Йерикка, поднявшись, отошёл от костра и, проседая в снег, поднялся на край оврага. Свежий снег искрился голубоватый сиянием — на мороз. «Будет ли всё это там, куда нам придётся уйти?» — подумал рыжий горец и сморгнул слезу, сделав вид, что вытирает глаза от ветра. Он лучше остальных понимал, что победа — временная, и им всё равно придётся уходить. Всем. Чтобы просто выжить.

Из-под этого солнца. Из-под этого неба.
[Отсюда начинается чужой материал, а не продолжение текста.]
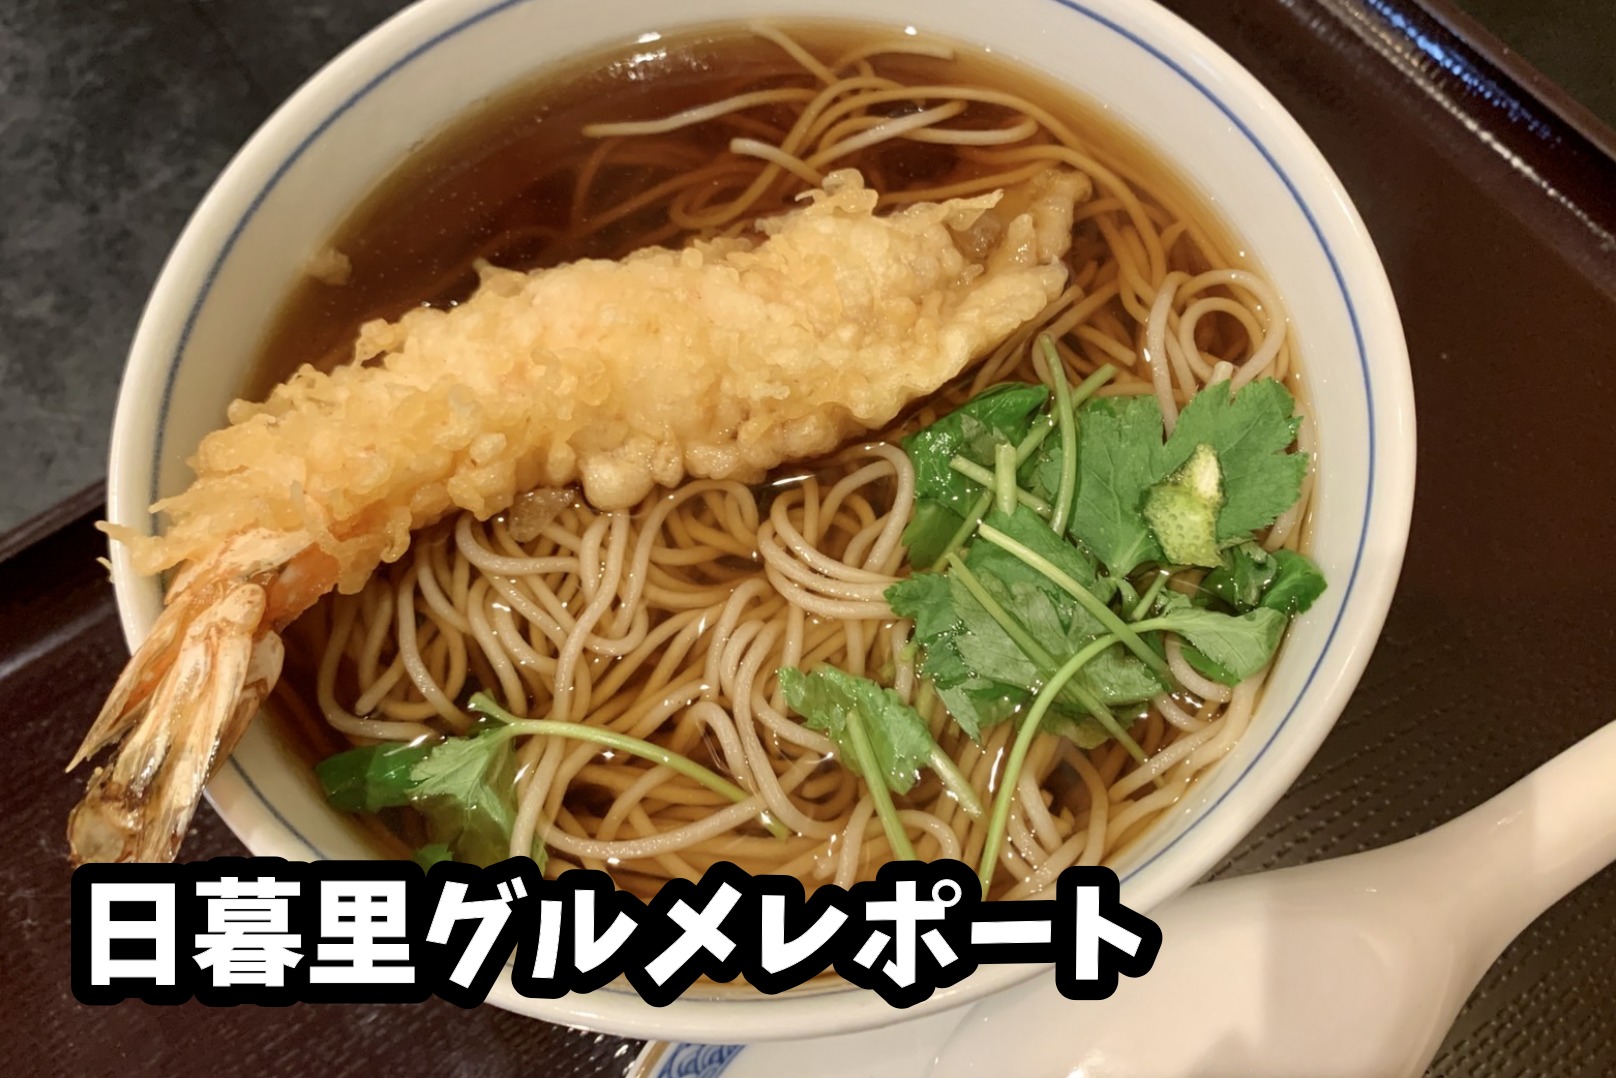 【日暮里グルメレポート】老舗蕎麦屋「川むら」で天ぷらそばを食べる

От этого снега и морозного воздуха. Они найдут себе планету по душе, и уже их дети станут её звать Родиною… но как быть ему, рождённому под этим небом?!

— А что ты таишься? — услышал он и, повернувшись, увидел рядом Гоймира. Он смотрел мимо Йерикки глазами, в которых не было слёз, похожими на светлые льдинки. — Не таись, что ты, — голос князя звучал странно-тепло. — Я бы сам заплакал, да вот, — он неловко покривился, — не выходит. Больно…

— Мы победили, и мы живы, — сказал ему Йерикка. — Но я не знаю, рад ли этому.

Они шли сюда умирать, они готовы была умереть… а предстояло жить. Делать самую трудную вещь на свете — жить, снова и снова принимая решения, опять и опять сражаясь за себя и за тех, кого уже больше не будет.

Легко быть мертвецом… А жизнь вовсе не добра к людям, и бывает время, когда всё кажется бессмысленным, а победа не приносит радости — лишь опустошение, и ты можешь только смотреть вокруг и удивляться, что солнце по-прежнему сияет, и небо синеет, и ветер дует, и день сменяет ночь, когда внутри у тебя ровным серым слоем лежит неподвижный пепел.

А солнце будет сиять по-прежнему, и небо будет синеть, и ветер дуть и день — сменять ночь. Пепел растает, и ты снова научишься улыбаться, и научишься спокойно спать, и в памяти сотрётся тоска и ужас…

И всё-таки капля горечи останется на дне души.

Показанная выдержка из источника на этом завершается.